Cosma

Research

Changing my shape
I feel like an accident

I work on methods for building predictive models from data generated by stochastic processes, and applying those models to questions about neural information processing, self-organization in cellular automata, and so forth. All of this is about using tools from probability, statistics, and machine learning to understand large, complex, nonlinear dynamical systems. This is why my dissertation was in statistical physics, but I now teach in a statistics department.

My departmental homepage has a fuller explanation of what I do, and how I came to do it, in terms which (I hope) make sense to statisticians.

[Summaries]   [Talks and Presentations]   [Papers and Book Chapters]   [Lecture Notes]

Summaries

Curriculum Vitae/Resume: Lists my publications, talks given, and other professional data.

My doctoral dissertation, Causal Architecture, Complexity and Self-Organization in Time Series and Cellular Automata (2001). A unified presentation of the material from my previous papers on computational mechanics, plus several chapters of until-then unpublished work. Includes quantitative definitions of "emergence" and "self-organization", of which I am fairly fond.

Talks and Presentations

For a complete list of my talks, see my CV.

"Is the Primordial Soup Done Yet? Quantifying Self-Organization, Especially in Cellular Automata" is based on a talk of the same title I gave to the Madison Chaos and Complex Systems Seminar; also on my presentation for my oral exam (in June 1996). It had too few numbers or results and too many jokes and conjectures for a real paper. Update, 2003: see "Quantifying Self-Organization with Optimal Predictors", below, for actual results.

"Spatiotemporal Emergent Structures from Causal Architecture": slides and figures (both gzipped Postscript) for my March 2001 job-talk on this work at the University of Michigan's Center for the Study of Complex Systems. Based on joint work with Rob Haslinger and Jim Crutchfield, reported in my dissertation.

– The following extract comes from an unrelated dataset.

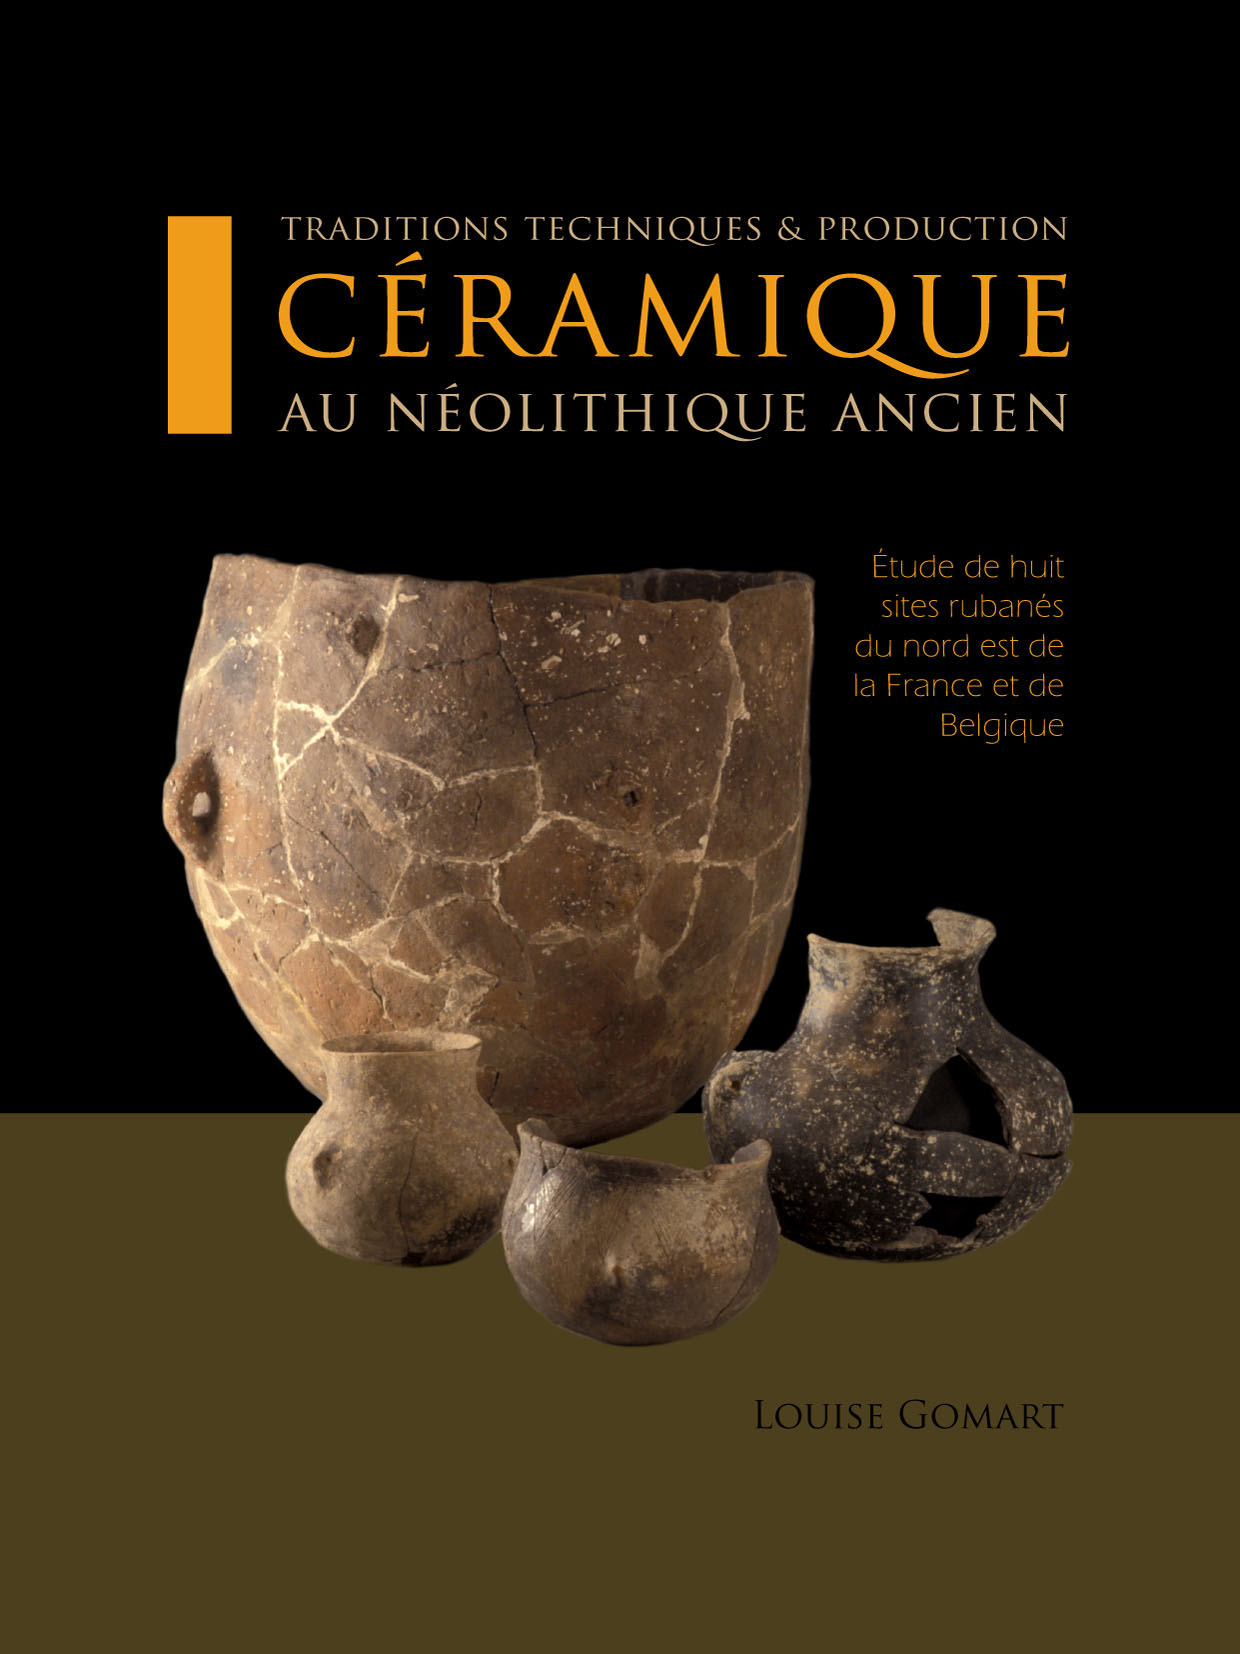 Les fondamentaux : histoire technique et culturelle de la céramique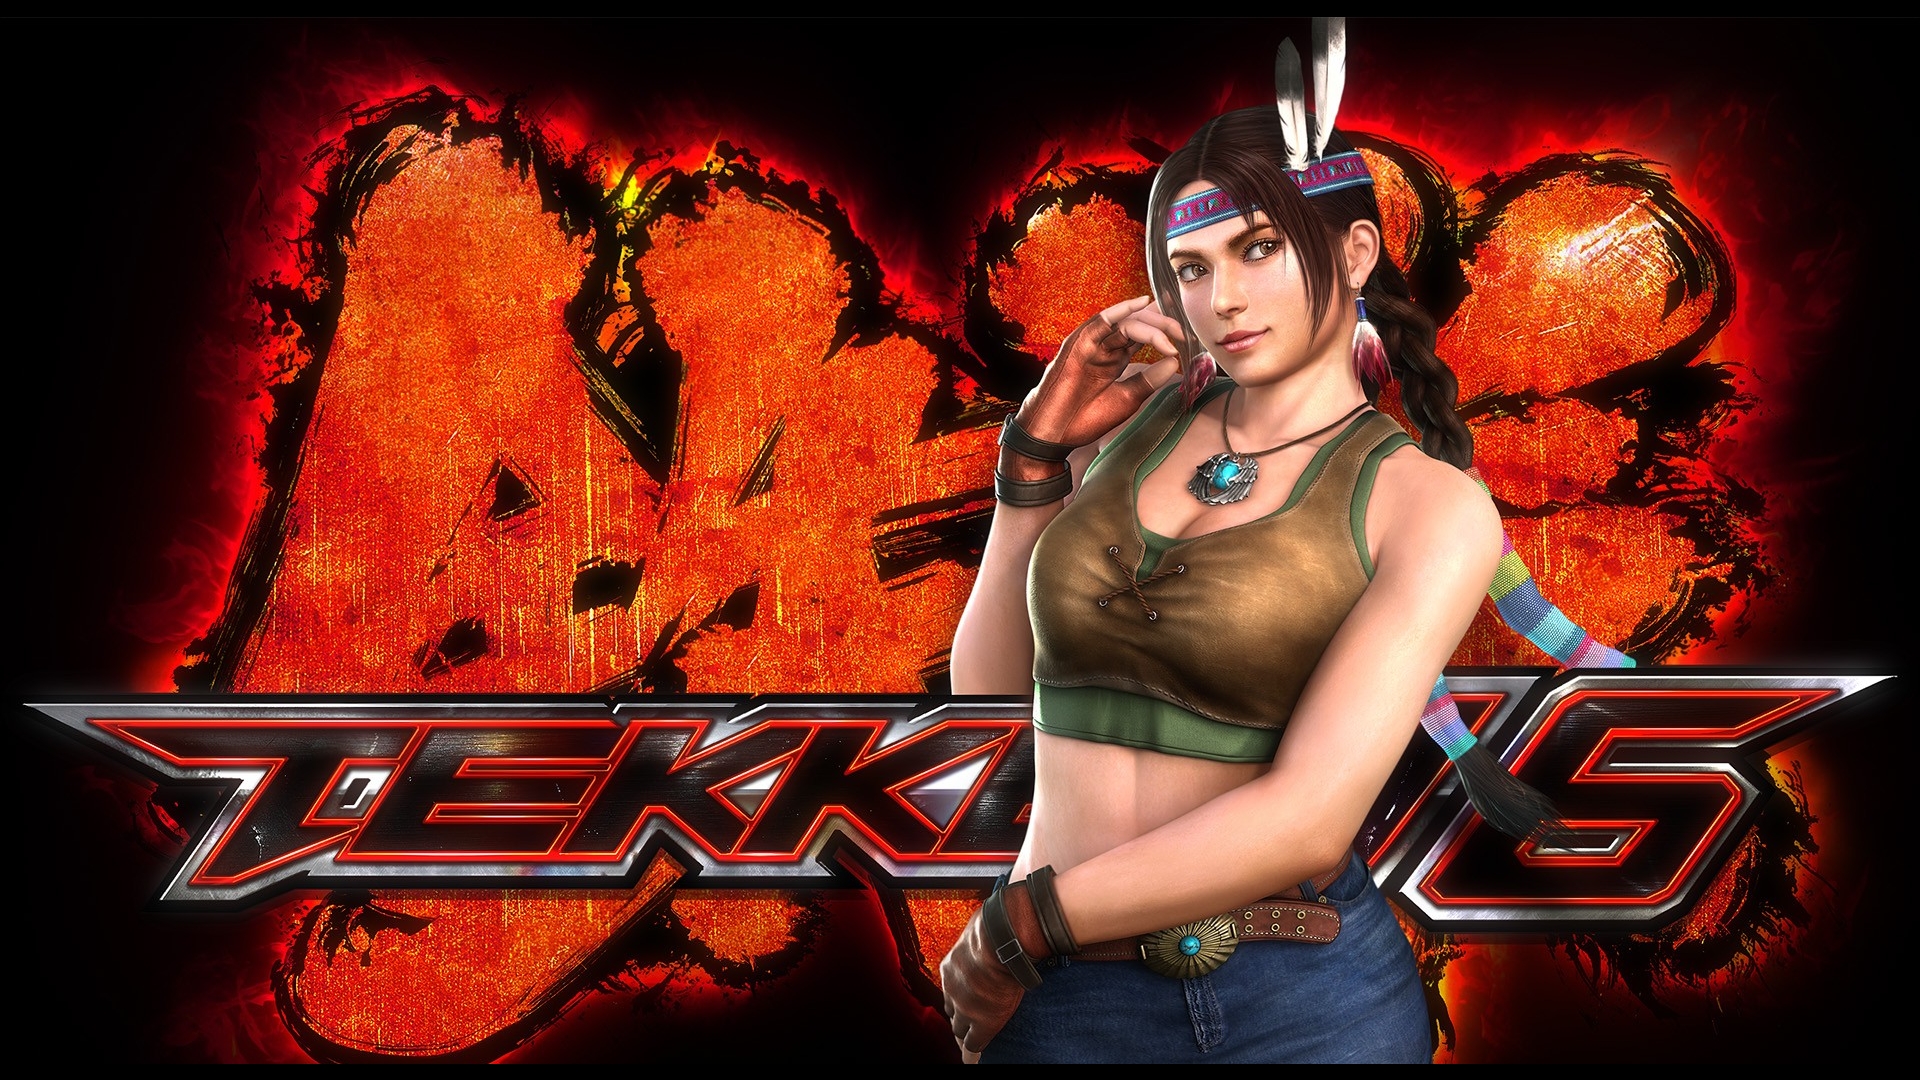 Free download wallpaper Tekken, Video Game, Tekken 6 on your PC desktop

"Pattern Discovery and Networks" (PDF slides, 101k), presented 18 July 2001 at the Air Force Office of Scientific Research workshop "Infospherics: Science for Building Large-scale Global Information Systems," George Mason University, Fairfax, Virginia, 17--19 July 2001.

"Predicting Random Fields on Networks" (PDF slides, 293k), presented at Discrete Models for Complex Systems, June 2003. Includes some material not in the associated paper (below).

"Building Markov Models from Time Series", slides (PDF, 165k) for a talk at the Applied Research Laboratory, Penn State, 16 July 2003.

Papers and Book Chapters

In order of completion. Lecture notes are on my teaching page.

[1] Jim Crutchfield & CRS, "Thermodynamic Depth of Causal States: Objective Complexity via Minimal Representation", Physical Review E 59 (1999): 275--283 (PDF) = cond-mat/9808147. It explains why thermodynamic depth, a notion advanced by the late, great Heinz Pagels, while nifty in concept and certainly not just Yet Another Complexity Measure, doesn't work very well as originally proposed, and what needs to be changed to make it work, namely adding causal states. (In the words of the poet, "we subsume what we do not obliterate.")

[2] Cris Moore, Mats Nordahl, Nelson Minar & CRS, "Entropic Coulomb Forces in Ising and Potts Antiferromagnets and Ice Models," cond-mat/9902200; final published version, "Vortex Dynamics and Entropic Forces in Antiferromagnets and Antiferromagnetic Potts Models," Physical Review E 60 (1999): 5344--5351. (To be honest, I didn't write any of this, but did a large chunk of the simulation work.) Only of interest to people who care about pretty abstract models in statistical mechanics.

[3] Jim Crutchfield, Dave Feldman & CRS, "Comment on `Simple Measure for Complexity,' " chao-dyn/9907001 = Physical Review E 62 (2000): 2996--2997. Short, critical remarks on Yet Another Complexity Measure.

[4] CRS & Jim Crutchfield, "Computational Mechanics: Pattern and Prediction, Structure and Simplicity," Journal of Statistical Physics 104 (2001): 816--879 (PDF) = cond-mat/9907176. I'll let Mathematical Reviews describe this one for me:

The main concern of this article, written in a very general setting, is how to maximally compress the past of a random process still keeping all the useful information, so as to predict its future as well as if all the past were remembered. In this connection the authors introduce "causal states" into which all the space of possible past histories is cut. Within each causal state all the individual histories have one and the same conditional distribution for future observables. An epsilon-machine is defined which uses the causal states for prediction. The authors prove several theorems about them, whose intuitive meaning is natural: that causal states are maximally prescient, that they have the minimal statistical complexity among all prescient rivals, that they are unique, that epsilon-machines have the minimal entropy among all the prescient rivals and some inequalities. This voluminous article, containing 140 references, may also be used as a survey in the area of abstract theory of computational complexity of prediction.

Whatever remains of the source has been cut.